No, I think not but if you want to make sure that we don’t have, you can keep track of the call back function. That will only be called once for each denoising step.

lllyasviel commented 1 year ago

@zismylove how many vram do you use?

pkuliyi2015 commented 1 year ago

It is as simple as, when each time that is called, you set every counter to zero. and when you meet different diffusion times steps you just added the tensor shape[0] to your counter.
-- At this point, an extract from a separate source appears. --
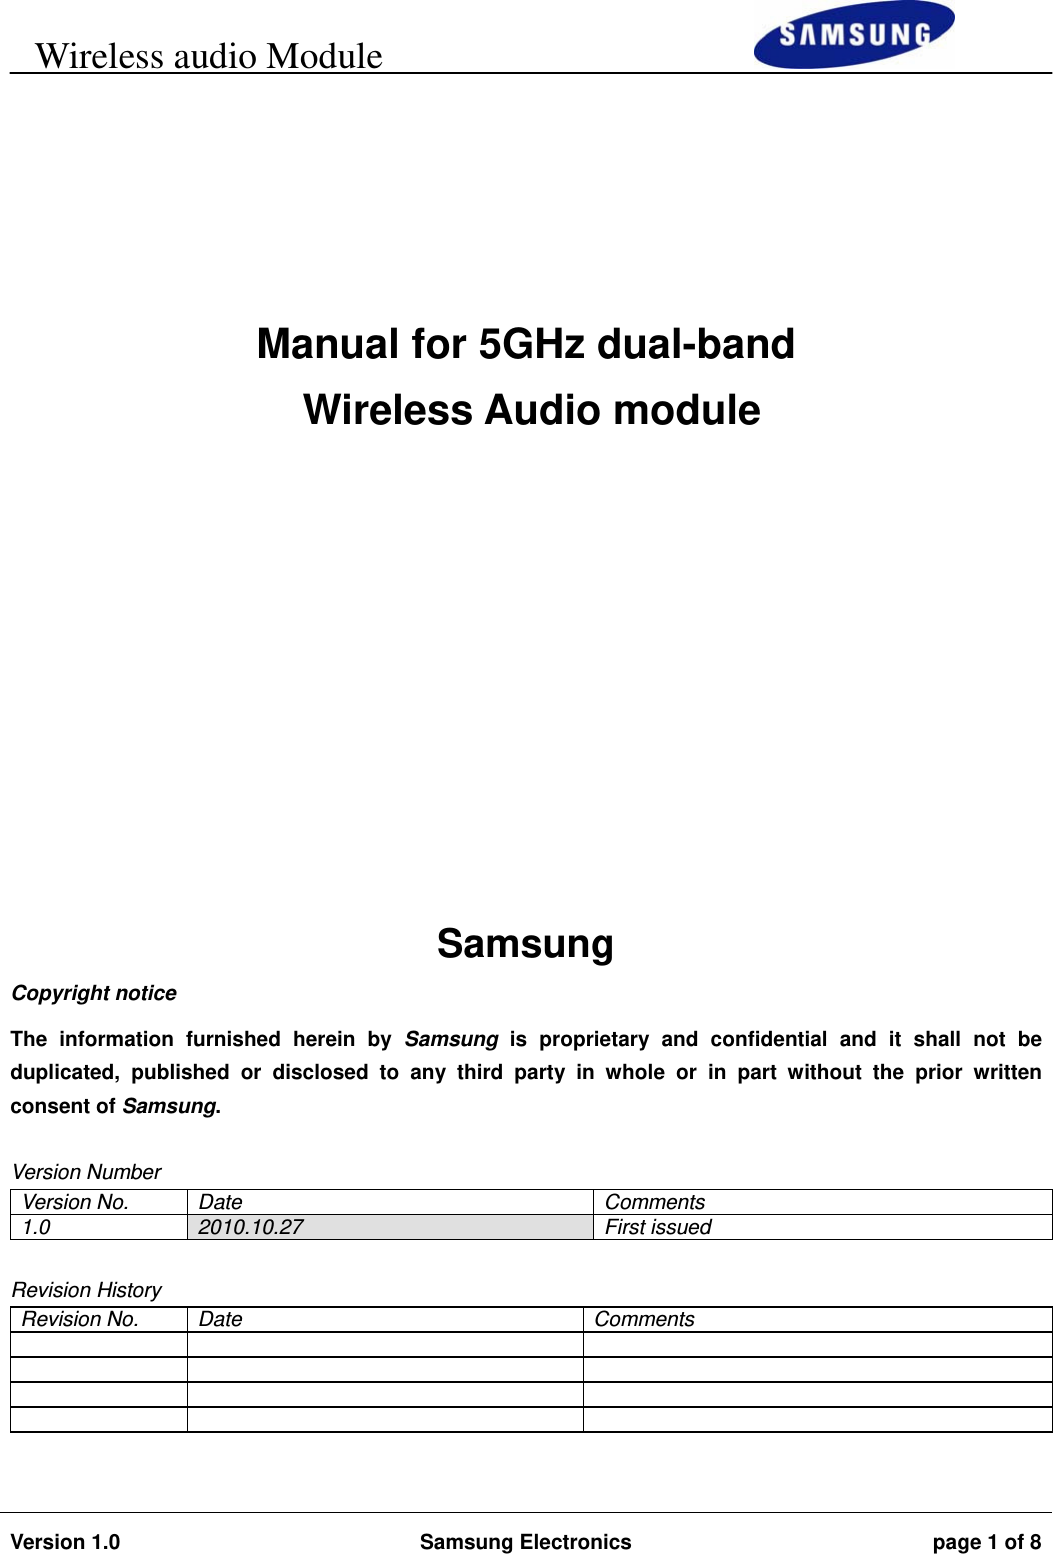     Wireless audio Module                                                                        Version 1.0  Samsung Electronics  page 1 of 8          Manual for 5GHz dual-band  Wireless Audio module        Samsung Copyright notice The information furnished herein by Samsung is proprietary and confidential and it shall not be duplicated, published or disclosed to any third party in whole or in part without the prior written consent of Samsung.  Version Number Version No.  Date  Comments 1.0  2010.10.27 First issued  Revision History Revision No.  Date  Comments

annasophiachristianahahn commented 1 year ago

The model works as expected in automatic1111 txt2img; it does generate the guided content. However, as I directly download the model and use it in this extension, it produces severe artifacts. I read the source code for a while but still not clear what should be done to make it work. Some initial observations:

  • Severe ghost shadows and duplicated contours, regardless of tile overlaps
  • Faded colors in txt2img (even if with 840000 VAEs)
  • Has no effect when using noise inversion (maybe this is my code flaws; I'm checking it).

See here for one result: https://imgsli.com/MTY5ODQw

which one is cn11tile? left or right?

The right one. I must have done something wrong. But until now I cannot fix it.

Is there a way to use controlnet tile in the public distribution of automatic1111 yet?

pkuliyi2015 commented 1 year ago

The model works as expected in automatic1111 txt2img; it does generate the guided content. However, as I directly download the model and use it in this extension, it produces severe artifacts. I read the source code for a while but still not clear what should be done to make it work. Some initial observations:

  • Severe ghost shadows and duplicated contours, regardless of tile overlaps
  • Faded colors in txt2img (even if with 840000 VAEs)
  • Has no effect when using noise inversion (maybe this is my code flaws; I'm checking it).

See here for one result: https://imgsli.com/MTY5ODQw

which one is cn11tile? left or right?

The right one. I must have done something wrong. But until now I cannot fix it.

Is there a way to use controlnet tile in the public distribution of automatic1111 yet?

No, I am also looking forward to use that

pkuliyi2015 commented 1 year ago

This can be extremely suitable for my multidiffusion to do upscaling.

lllyasviel commented 1 year ago

@Mikubill I think I will finish here today. can you take a look at the robustness of the new parts? I think it should be as robust as before but i am not 100% sure. some user reported bugs but bugs can not be reproduced and it seems the user report rate is similar to before.

pkuliyi2015 commented 1 year ago

I think if you‘re doing with the cond and uncond, you should have a try to use different positive and negative length (<75 and >150). This will definitely give you errors if your script is not properly dealing with the batch problem.

A deepNegative embedding can quickly use up your 75 tokens.

Mikubill commented 1 year ago

Great and fixes look nice. I will check around later and thanks for improvements!

lllyasviel commented 1 year ago

I find a magical flag that can fix this problem --always-batch-cond-uncond a1111 is really a mess

lllyasviel commented 1 year ago

Now --lowvram can use shuffle with --always-batch-cond-uncond https://github.com/Mikubill/sd-webui-controlnet/commit/ede9e2c379919cac7ce96581a36076057e8242c2

NakiriRuri commented 1 year ago

Which model should be used to control the results generated by the binary preprocessor? I tried part of the model and the results look a bit subtle. new image xyz_grid-0015-20230416154312

catboxanon commented 1 year ago

I believe it's just an alternative that can be used with the scribble model. https://github.com/Mikubill/sd-webui-controlnet/pull/495

lllyasviel commented 1 year ago

I am also confused what is binary and scribble_thr

Why are they different and when do I need these?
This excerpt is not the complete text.